Last edited: Sep 30, 2007
6. Sep 30, 2007

### learningphysics

The trick to this problem is that the accelerations for the two parts are not the same... ie: the deceleration from 18m/s to 0m/s is different from the acceleration from 0m/s to 12m/s.

7. Sep 30, 2007

### turnip

okay i get that, but could you please explain how you algebraically got the acceleration becuase i can only think of f=ma and a = v-u/t but both have two variables!

if you could please explain the acceleration i will be right from there thanks :)

8. Sep 30, 2007

### learningphysics

well, you don't need acceleration... you need time:

so for the first part:

d = (v1 + v2)/2 * t

0.0027 = (18 + 0)/2 * t

solve for t

get t = 0.0003s

do the same thing for the second part... v1 = 0 v2 = 12.

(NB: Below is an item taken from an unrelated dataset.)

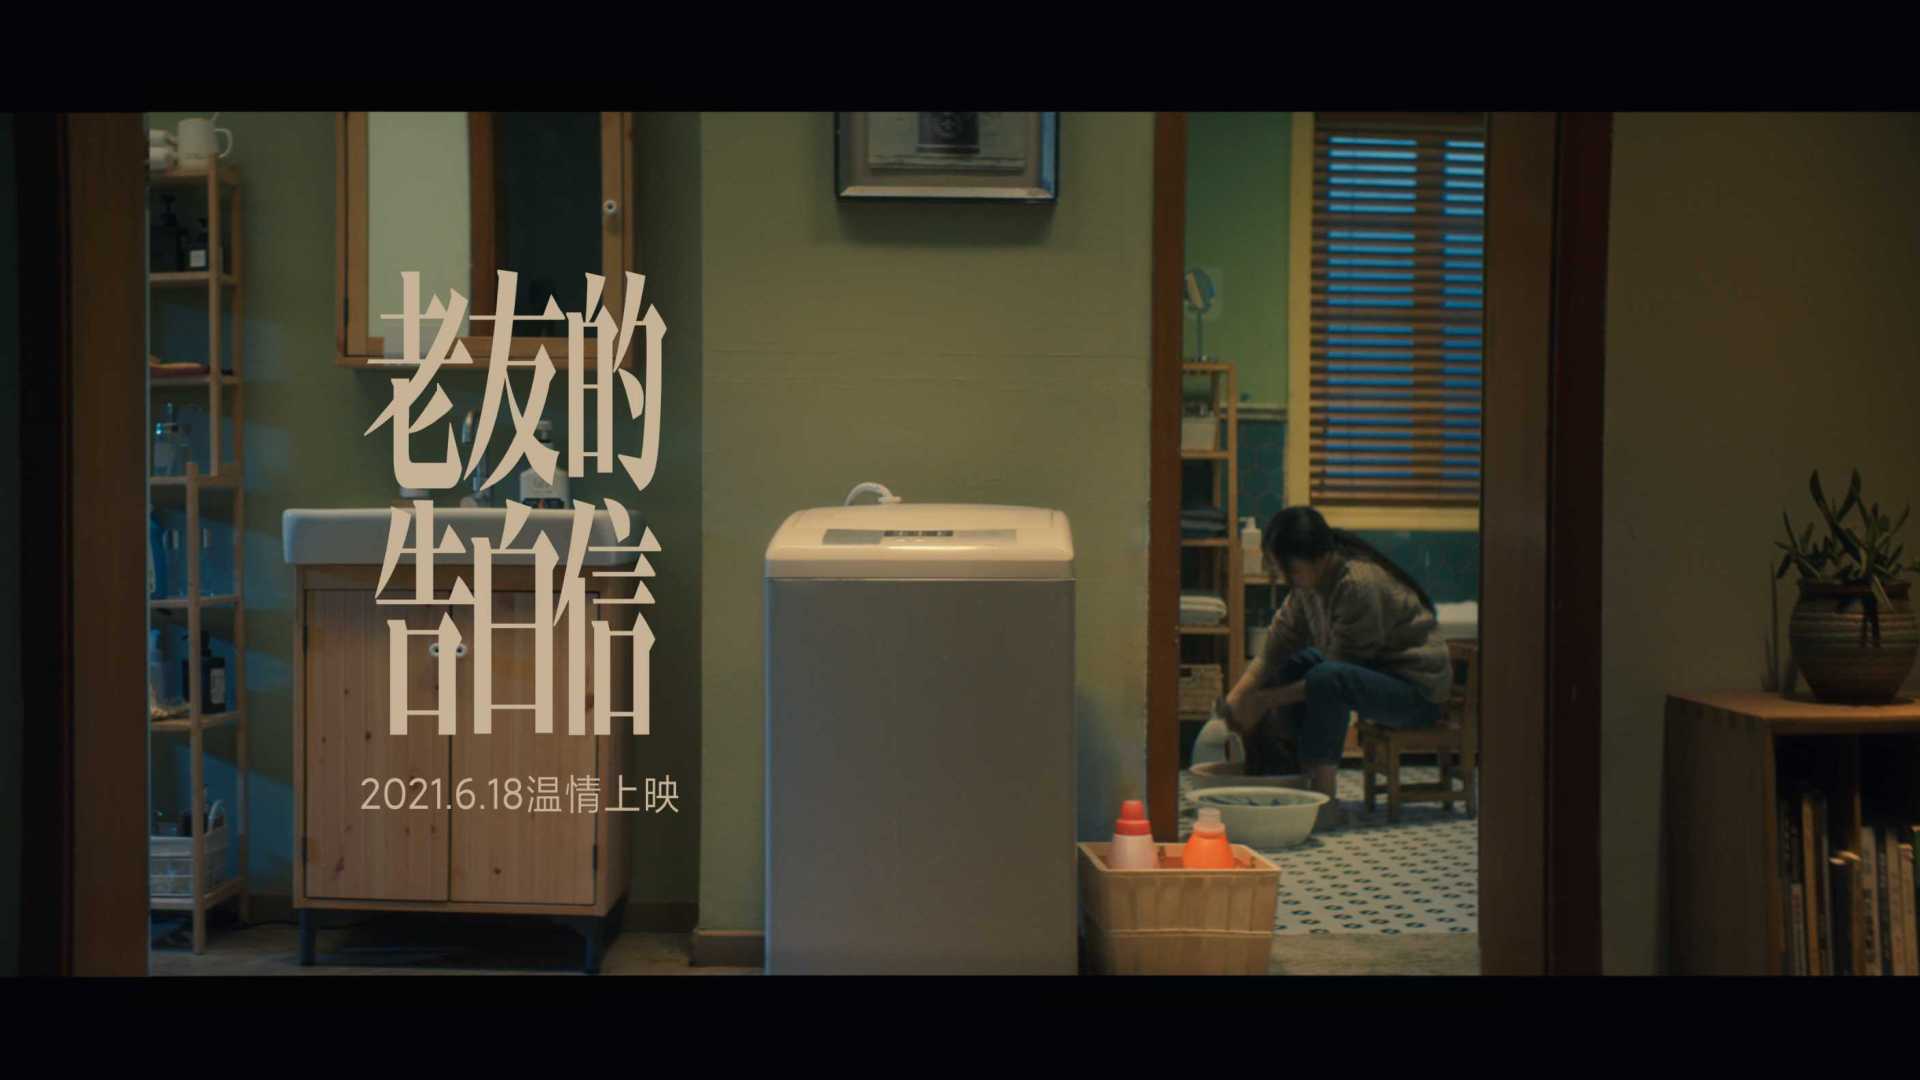 小米618逆向催泪系列广告《老友的告白信》洗衣机篇

if you want to get acceleration (you don't need to get it)

use v2^2 = v1^2 + 2ad.

9. Oct 1, 2007

### turnip

right. just one more thing i dont get:
d = (v1 + v2)/2 * t
i understand the formula, but whats with the /2 part of it?
is that to get the average velocity?

10. Oct 1, 2007

### learningphysics

yes. distance = average velocity * time. $$d = \frac{(v1+v2)}{2}*t$$

11. Oct 1, 2007

### turnip

thanks that was very clearly explained :)